Georgia View: Reading The Tea Leaves
I'm going to forecast two words you'll be hearing often after this November election. The words will be spoken with a slight smile or a smirking sneer, depending on the direction you prefer your networks and talking heads to lean. The two words? Tea Party.
Twenty-five years ago, on my first visit to New York City, having lunch at the then-new Hard Rock Café, I ordered iced tea with my burger and fries. The waitress almost laughed as I tried explaining “sweet tea,” before she brought sugar to the table. When the check arrived, my burger, fries and tea came to nearly $30. Mystified, I asked the waitress why it was so high. “You had four iced teas, and we don't do free refills,” she snapped while starting to bus the table.
I left the restaurant peeved and feeling gypped (though I still tipped). Our waitress was giggling and pointing as we left, and I could all but feel the condescension. (“Come back soon, Gomer.”)
Anger at taxation without representation, along with a dollop of condescension, helped fuel the original Boston Tea Party, as colonists dumped three shiploads of “pre-taxed” tea into Boston Harbor. That protest became a major catalyst for the American Revolution.
And while the Tea Party has had a lower profile in Georgia than many other states, several of its most prominent promoters have strong Peach State roots. I'll just list a few who’ve played a role in the Tea Party's rapid national expansion and visibility: Glenn Beck (Fox News host, formerly with CNN Headline News in Atlanta); Sean Hannity (who made his jump to national syndication from Atlanta radio); Herman Cain (former Georgia GOP U.S. Senate candidate and now a WSB radio talk host with a growing national following). The Cobb County Tea Party, now the Georgia Tea Party, is one of the largest and strongest chapters in the nation.
I visited a Tea Party rally at the Georgia State Capitol in 2009 and another in 2010 on the Marietta Square. The attendees were predominantly, though not exclusively, white and tended to be over 50, but there were also young families, children and more than a handful of minorities representing the wide spectrum of Georgia's population. These people were anxious, some were angry, but most were simply, very clearly, frustrated with a government they believe does not listen. The majority were concerned not only about the direction of our nation, but also the geometric explosion of national debt becoming a very real threat to their families, their children and their grandchildren.

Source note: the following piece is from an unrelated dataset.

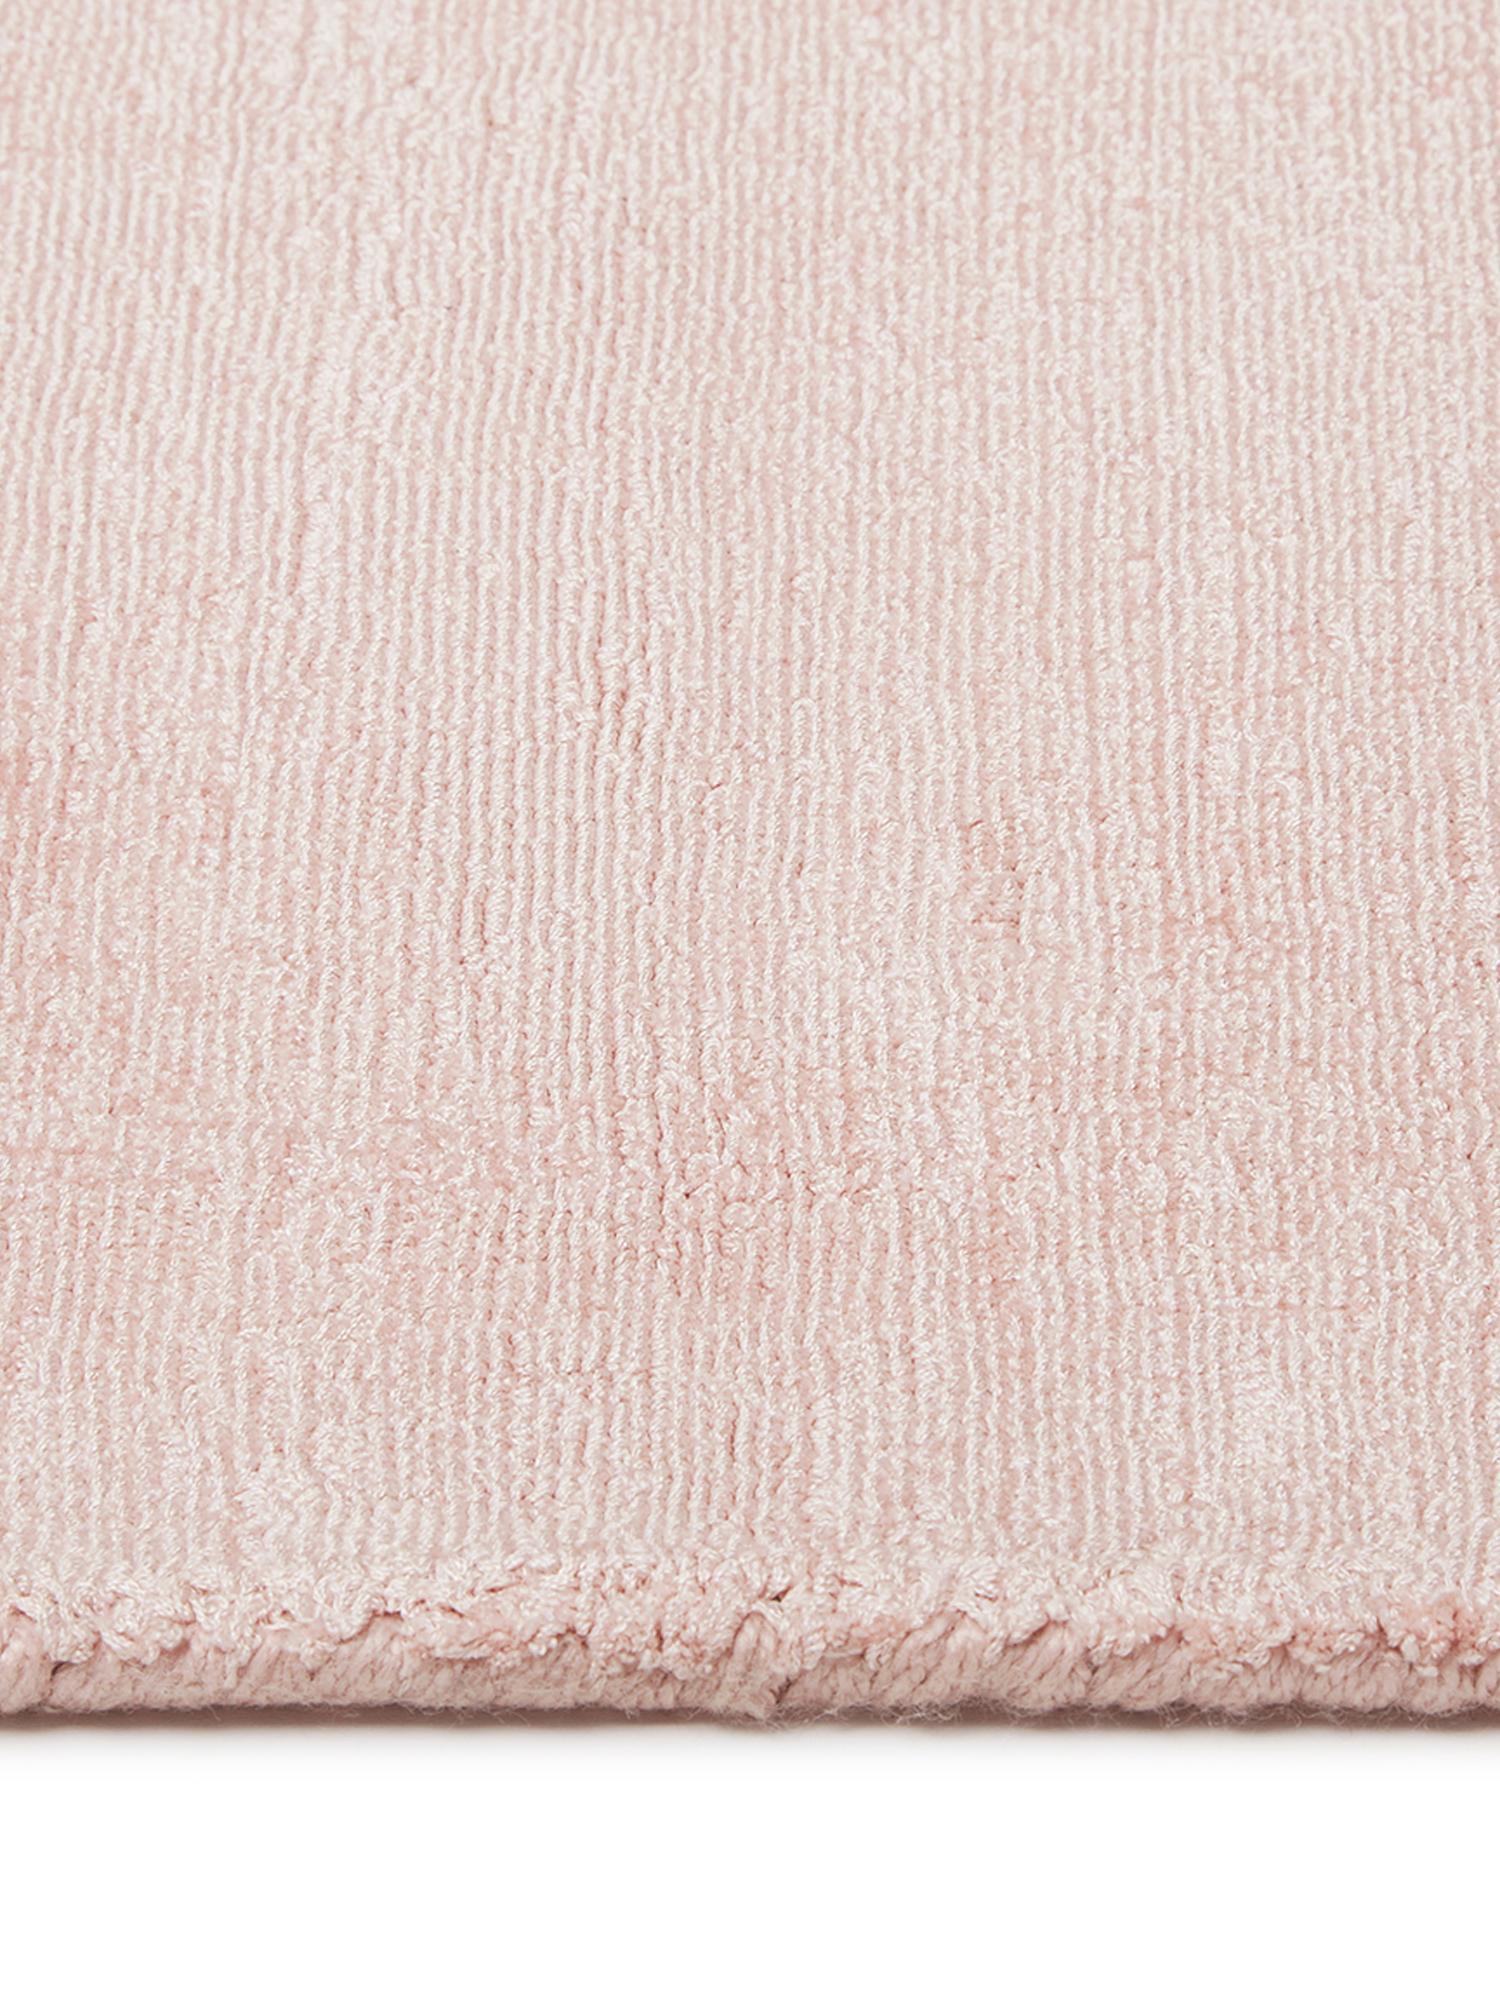 Handgewebter Viskoseteppich Jane in Rosa, Flor: 100% Viskose, Rosa, B 160 x L 230 cm (Grösse M)

These folks were not political hacks, and though they were certainly more Republican than Democratic, most labeled themselves Independents, with a healthy number calling themselves Constitutionalists. They were hardly hate mongers, racists or deserving of some of the labels they are drawing from some critics.
I did recognize one thing, though: These folks will be there on Election Day and will make their presence felt. In a mid-term, non-Presidential election, their impact could be substantial.
Former Alaska Governor Sarah Palin has played “Tea Party” endorsement maven, and her candidates won more often than not (with the exception, in Georgia, of Karen Handel); but it was votes from conservatives, independents, Libertarians, Tea Party members and even a few Democrats who actually put those candidates over the top.
The most visible Tea-infused race in Georgia played out in the 9th Congressional District, where now Congressman Tom Graves won a special election, general primary and finally a primary run-off to replace former Congressman Nathan Deal.
Graves won with wide-based support, but will acknowledge the role that Tea Party activists of his district played at the polls.
Somewhere a few media elites are having drinks and laughing about the rubes and older Americans in red, white and blue planning their next Tea Party Road Rally via bus. “They're ignorant, they're old, they're just astro-turf controlled by arch-conservative millionaires. Ha, ha, ha.”
If you really want to make sure those Tea Party attendees turn out, remember to laugh – and point. Another cup of Earl Grey, anyone?